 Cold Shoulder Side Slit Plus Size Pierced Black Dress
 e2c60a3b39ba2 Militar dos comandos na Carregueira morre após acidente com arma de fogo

---

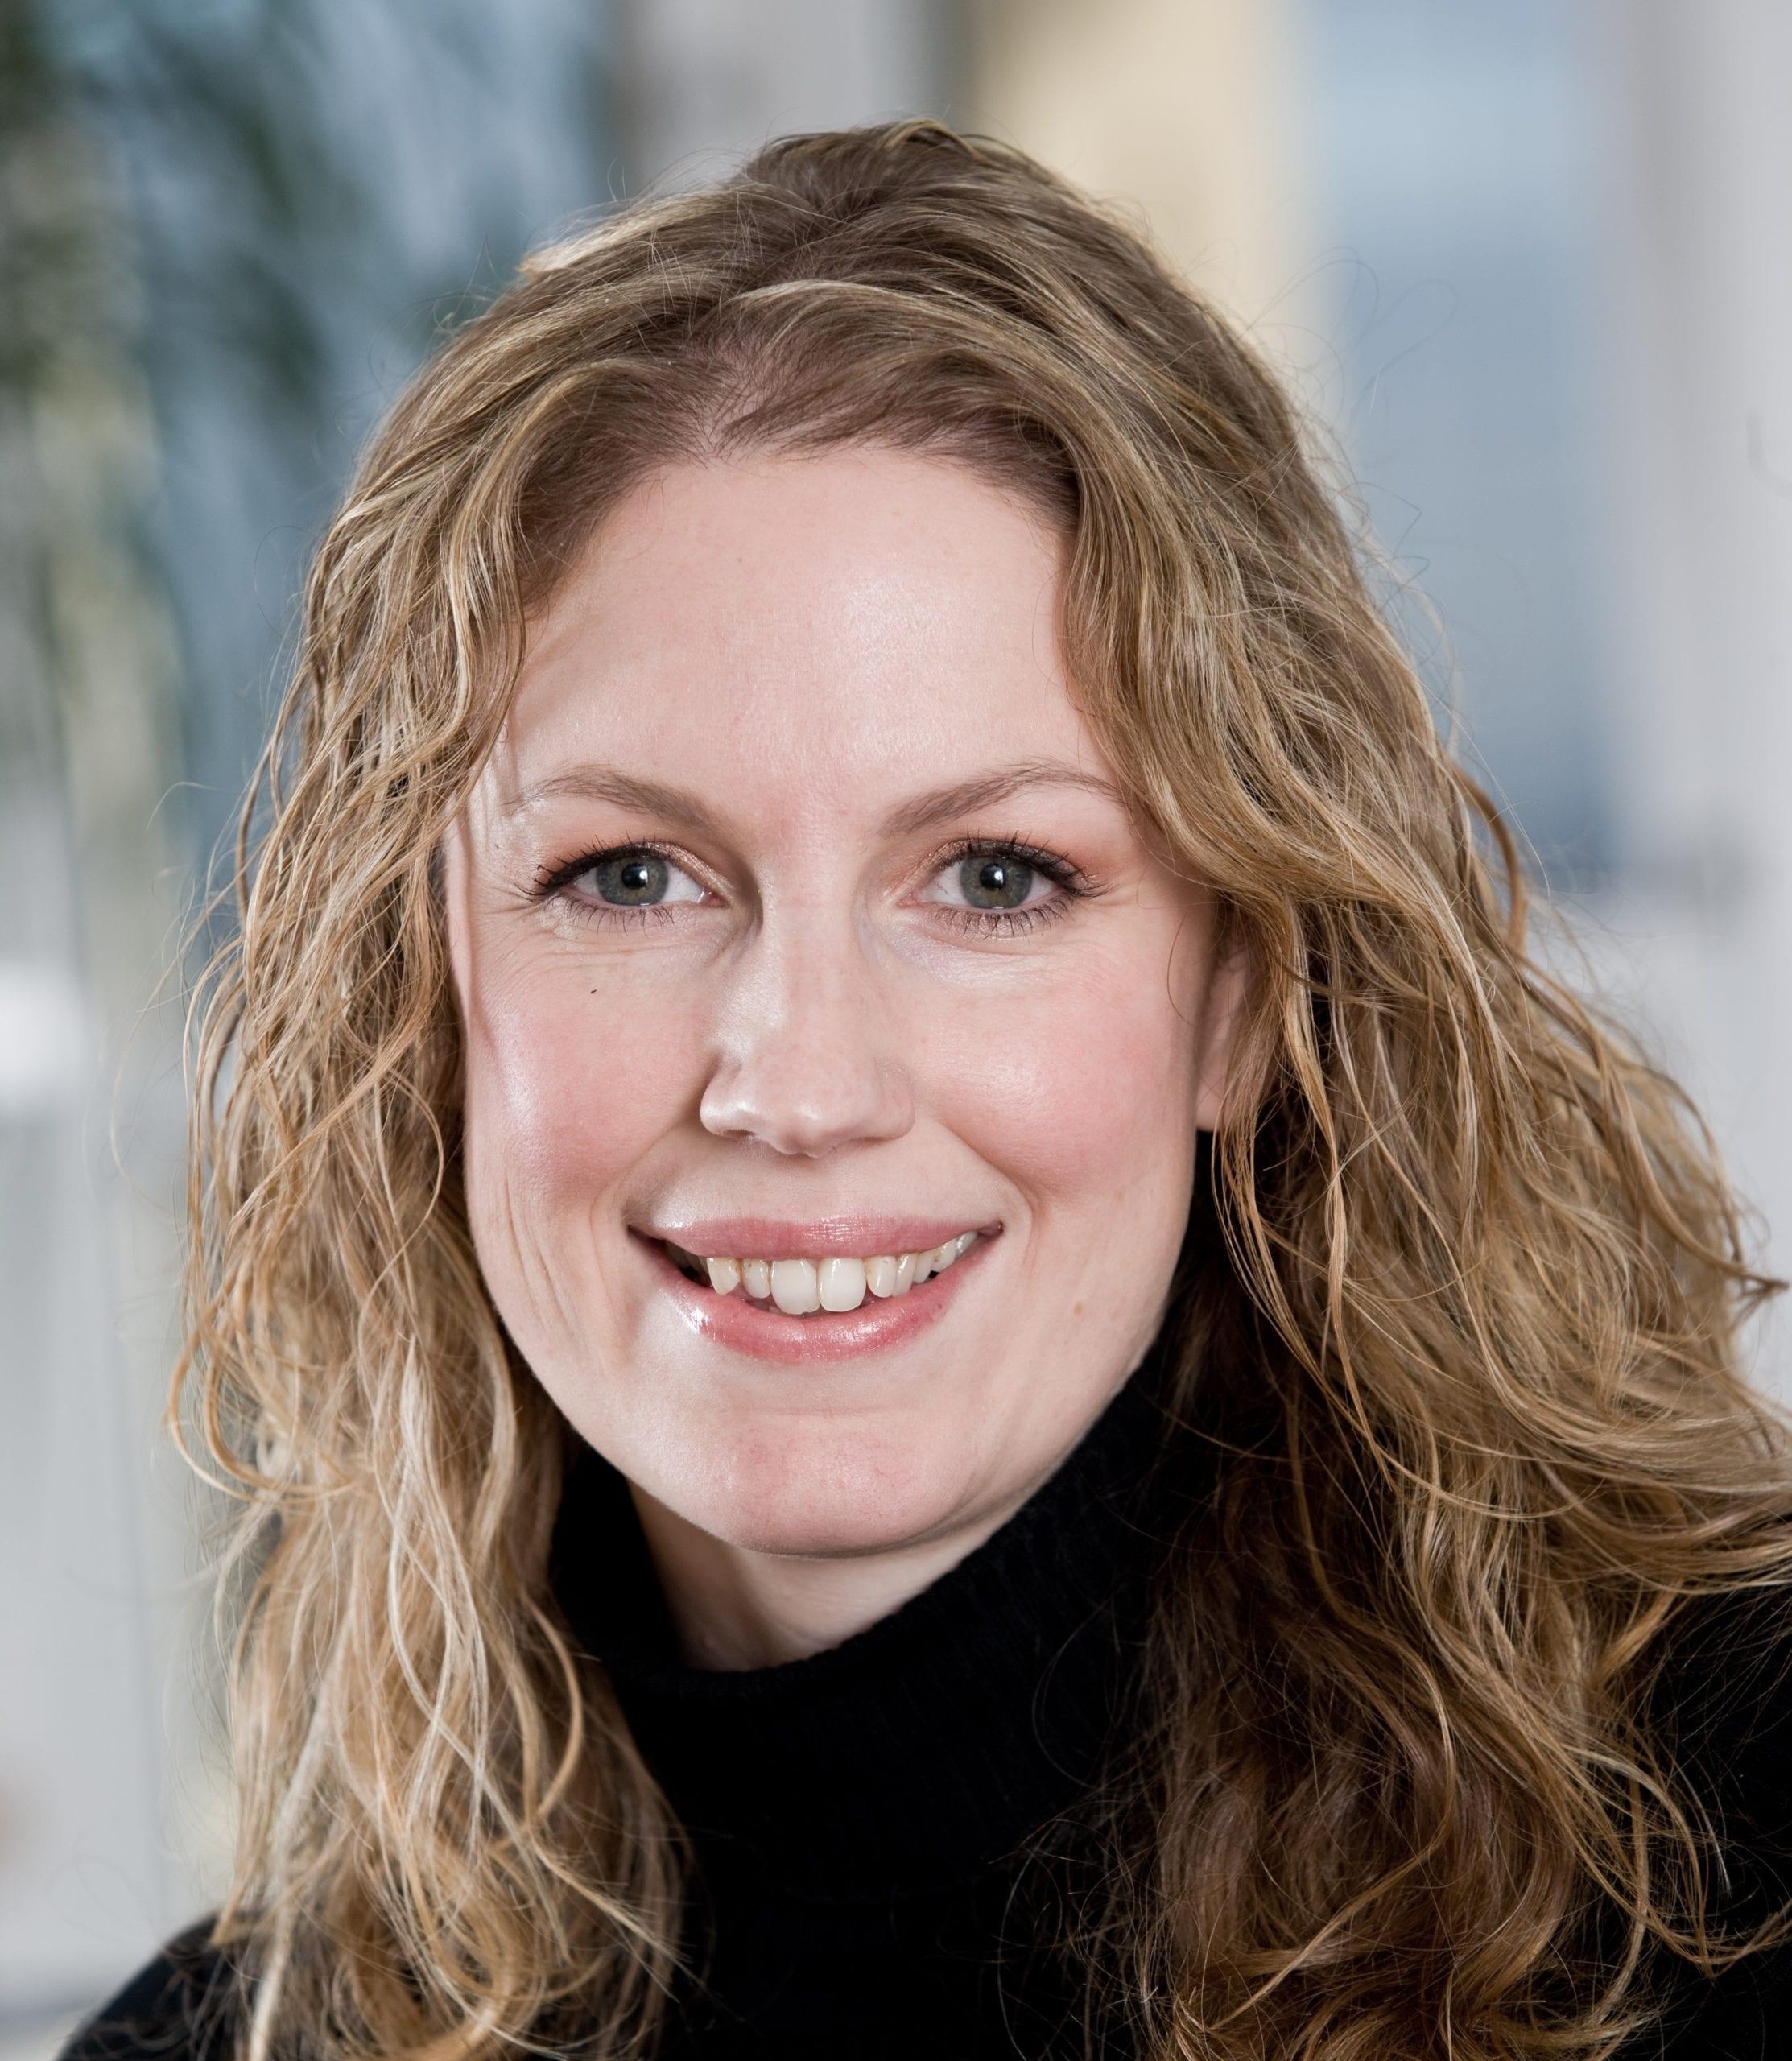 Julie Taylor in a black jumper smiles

TASK DETAILS:
Extract from the records above the lines from the one containing "Cold Shoulder Side" to the one containing "e2c60a3b39ba2 Militar dos", both lines included, exactly as they appear and with nothing else.

EXPECTED OUTPUT:
 Cold Shoulder Side Slit Plus Size Pierced Black Dress
 e2c60a3b39ba2 Militar dos comandos na Carregueira morre após acidente com arma de fogo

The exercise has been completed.